A diet in which significant fat content is totally absent isn’t gonna do much for the production of key hormones for muscle creation, not to mention the absence of any micronutrients that are also essential for crafting show-worthy muscles. Meanwhile, supplementation with steroids and other hormones is capable of pushing the body through some of these nutrient shortages while enabling it to add muscle in spite of them. 

And so, the idea that the CBR diet can elevate the musculature of a non-bodybuilder to the extent where it would rival that of a lifetime natural bodybuilder is ludicrous to many people who are experienced evaluators of physiques that are both on and off the sauce.

“Here’s the question boys: Do you think that body is naturally achievable?” asked popular YouTuber Philion as he investigated the three-year, 39-pound body transformation of Michael B. Jordan. “It’s one thing if he did it naturally, and it’s another if it’s ‘natty achievable.’ I’m gonna be honest guys: You can get that size, but I don’t think he did it naturally. It’s too much too quick. He put on 39 pounds of pure muscle supposedly in three years. It’s potentially achievable if you have the frame for it and you’re like a maxed-out natty lifter, but he’s not.” (For the record, Jordan has never said anything on the record about using steroids to acquire his Creed and Black Panther physiques.)

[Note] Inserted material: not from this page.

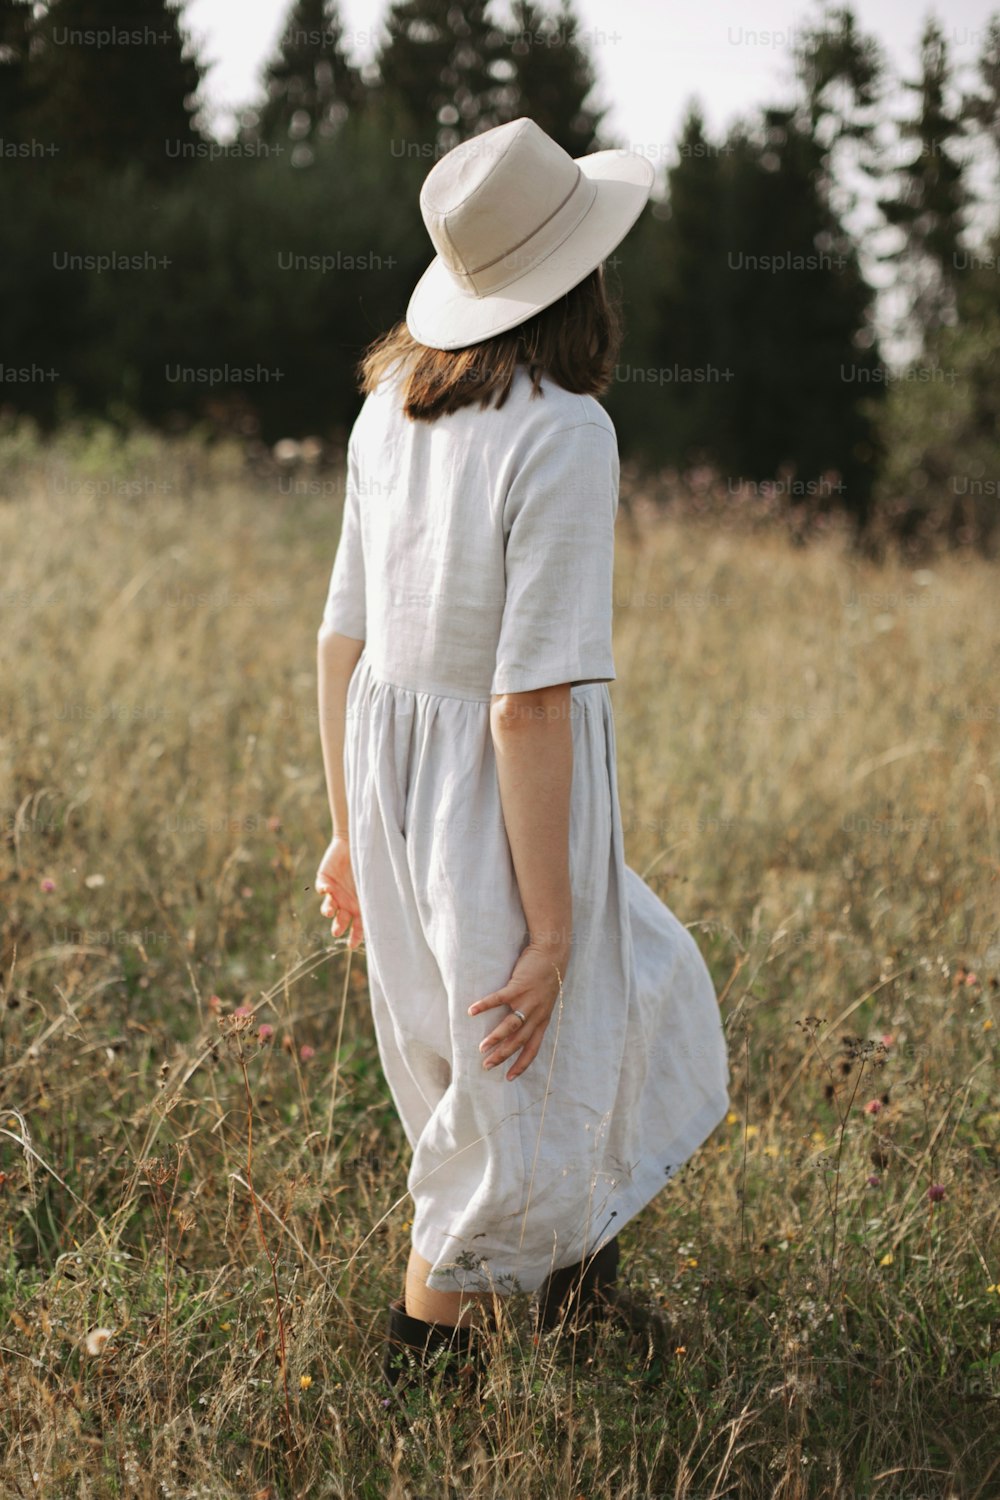 Muchacha elegante con vestido de lino y sombrero caminando entre hierbas y flores silvestres, mirando el campo. Mujer boho relajándose en el campo, estilo de vida simple y lento.  Imagen atmosférica

All of which is to say, the next time that you hear that a previously svelte actor has added an implausible quantity of muscle mass in an alarmingly short period of time while nourishing themselves solely with chicken, broccoli and rice — a bulk-trimming diet plan for most bodybuilders — instead of flexing a respectful bicep to salute the achievement, you should be cocking an eyebrow in suspicion.